Esta ciudad bendita y sísmica, convertida hoy en rebelión que evoca la fiereza de los indios «Caracas» –nombre indígena procedente de una hoja típica del valle-, fue fundada bajo la advocación del apóstol Santiago. El escudo fundacional de Santiago de León de Caracas contiene las mismas figuras esenciales de aquel de los tiempos del Rey Felipe II: el león, la concha o venera con la cruz de Santiago, el coronel de 5 puntas y la orla añadida en la época de Carlos III. Caracas ha experimentado distintas renovaciones urbanas que fueron transformando esta bella conurbación que sufre y ríe desplegada a la falda de esa montaña mágica que llamamos Ávila –“cerro de agua” por sus innumerables y copiosas cascadas-.
Se ha querido rescatar el nombre indígena “Waraira Repano” que significa Sierra Grande, pero no hay manera de no llamarle Ávila. Dos ciudades en una coexisten en las orillas norte y sur del río Guaire que la atraviesa de este a oeste. Pasar de un lado al otro se ha convertido paulatinamente en una verdadera proeza gracias al caos urbanístico que ha provocado el gobernar pensando en la próxima elección más que en el destino de la ciudad. Cronistas de Caracas se han quejado del poco amor de los gobernantes por “la sultana del Ávila” a la que han cantado tantos compositores. Pero Caracas, como aquella copla de Sevilla, “tiene su duende”. Sus leyendas, sus pintores, sus historias de gloria, sus supersticiones y tesoros ocultos, su café y su cacao, sus anécdotas divertidas y sus espectaculares aves de papagayo que bajan del cerro en la madrugada y vuelven en bandadas al ponerse el sol.
El pasado y el presente de la capital venezolana está compuesto por una serie de cabos que se unen a través de la fe que ha inspirado la legendaria composición de José Angel Lamas, el Popule Meus. Una serie de conventos que antaño fueron pioneros en educación y prestación de servicios de salud, hoy presentan la cara visible de una arquitectura colonial que se ha negado a morir ante el embate de la aparatosa modernidad financiada por el chorro petrolero. Las plazas, calles, esquinas y parques a los que gobernantes descreídos cambiaron sus nombres de santos, los recuperaron por voluntad de los propios vecinos. La emblemática Plaza San Jacinto, rincón ciudadano pleno de historia y evocaciones, ocupa un lugar contiguo a la casa natal del Libertador. Debe su nombre al bienaventurado Padre San Jacinto, venerado dominico cuyo convento, que estuvo situado en su cercanía, fue el primero que se levantó en la Caracas colonial. Para fines del siglo décimosexto, vivían allí cuarenta frailes. Luego se convirtió en plaza y luego en mercado. Siempre con el mismo nombre. Quiso luego Guzmán Blanco, cuyo gobierno se caracterizó por perseguir a la Iglesia y confiscar sus propiedades, llamarla Plaza El Venezolano pero más recientemente en la historia, renombrados arquitectos la rediseñaron y le devolvieron su nombre original.

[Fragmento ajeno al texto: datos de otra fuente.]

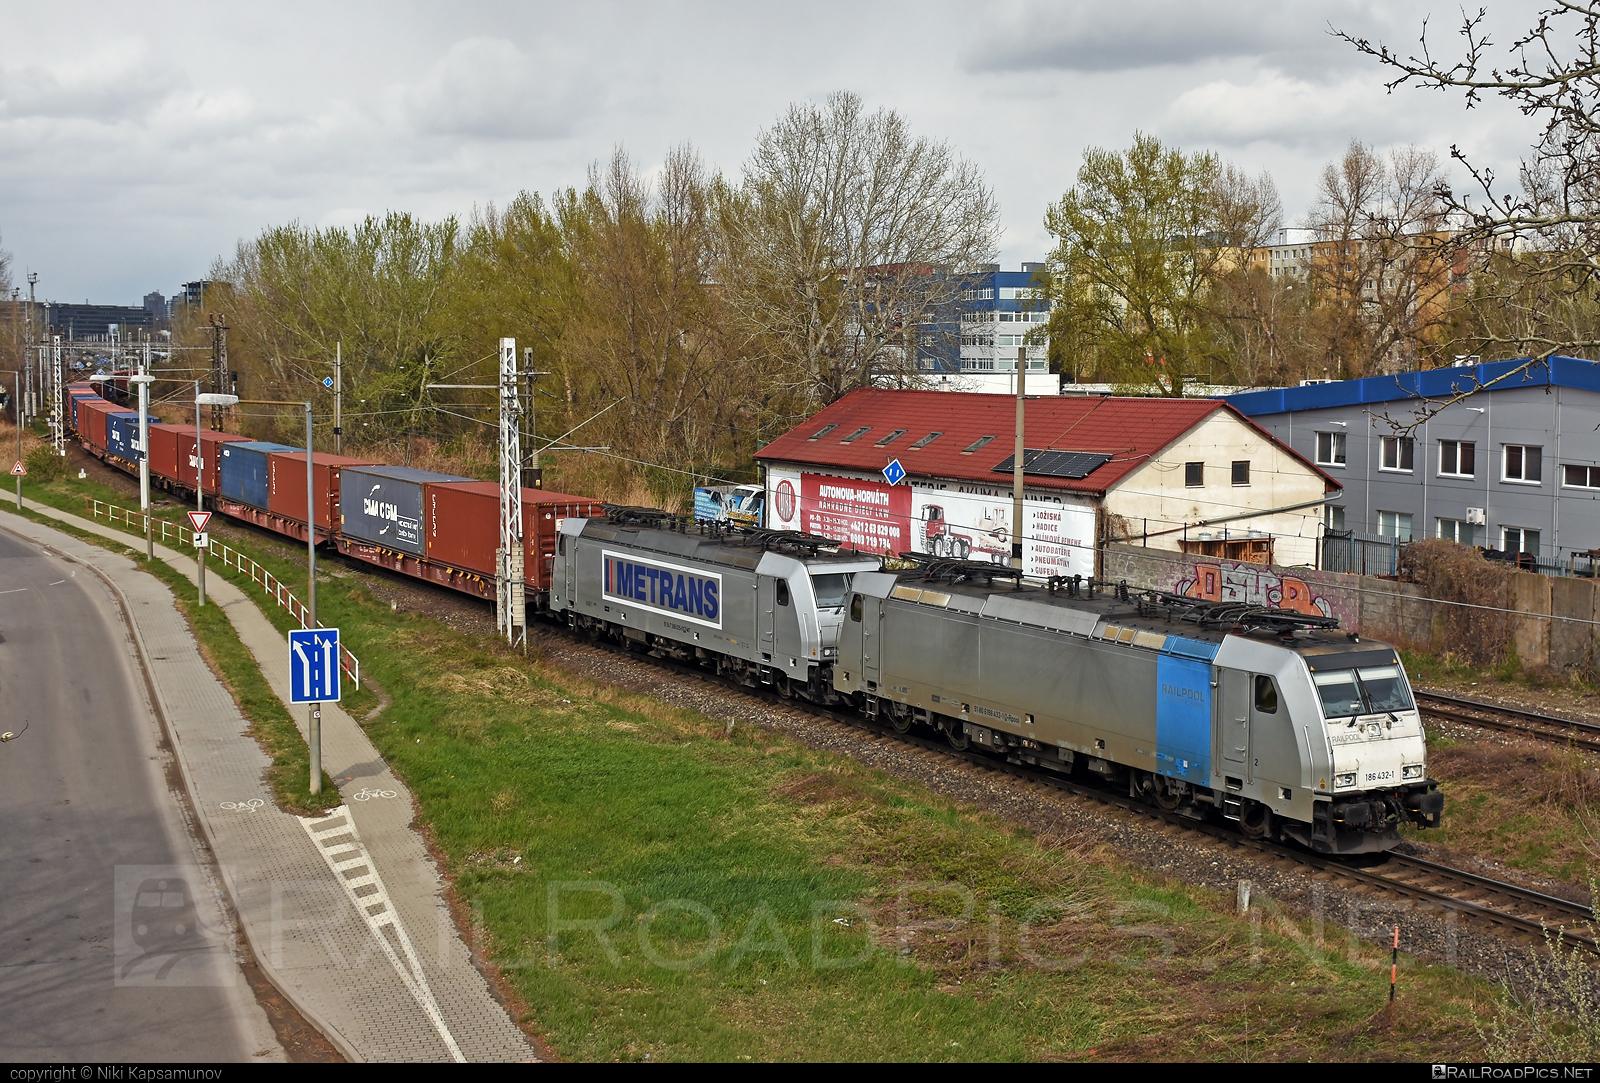 Bombardier TRAXX F140 MS - 186 432-1 operated by METRANS Rail s.r.o. #bombardier #bombardiertraxx #flatwagon #hhla #metrans #metransrail #railpool #railpoolgmbh #traxx #traxxf140 #traxxf140ms

El mismo Antonio Guzmán Blanco decretó el 27 de marzo de 1874 convertir la estructura de la antigua Iglesia de la Santísima Trinidad en un panteón, el Panteón Nacional, sitio en el que descansarían los restos de los personajes ilustres del país. Fue inaugurado el 28 de octubre de 1875. Hoy reposa allí desde Bolívar hasta el último insigne bien sea por una hazaña épica o cívica. Nos llamaban “la ciudad de los techos rojos”. Caracas era apacible y acogedora. Un famoso arquitecto y urbanista francés, Maurice Rotival, dijo en la década de los 30: “Si ustedes quieren tener en el futuro una Caracas amable, humana y vivible, agradable para disfrutarla, no la dejen pasar de 500 mil habitantes”. Desde el año 2010 no existen cifras oficiales en Venezuela, pero sabemos que ya vamos en camino de ser 7 millones en estos 777 Km2, que bien podemos llamar, mientras no salgamos de la terrible crisis política en que estamos sumidos, “este valle de lágrimas” en que, a pesar de los pesares, el que llega se queda.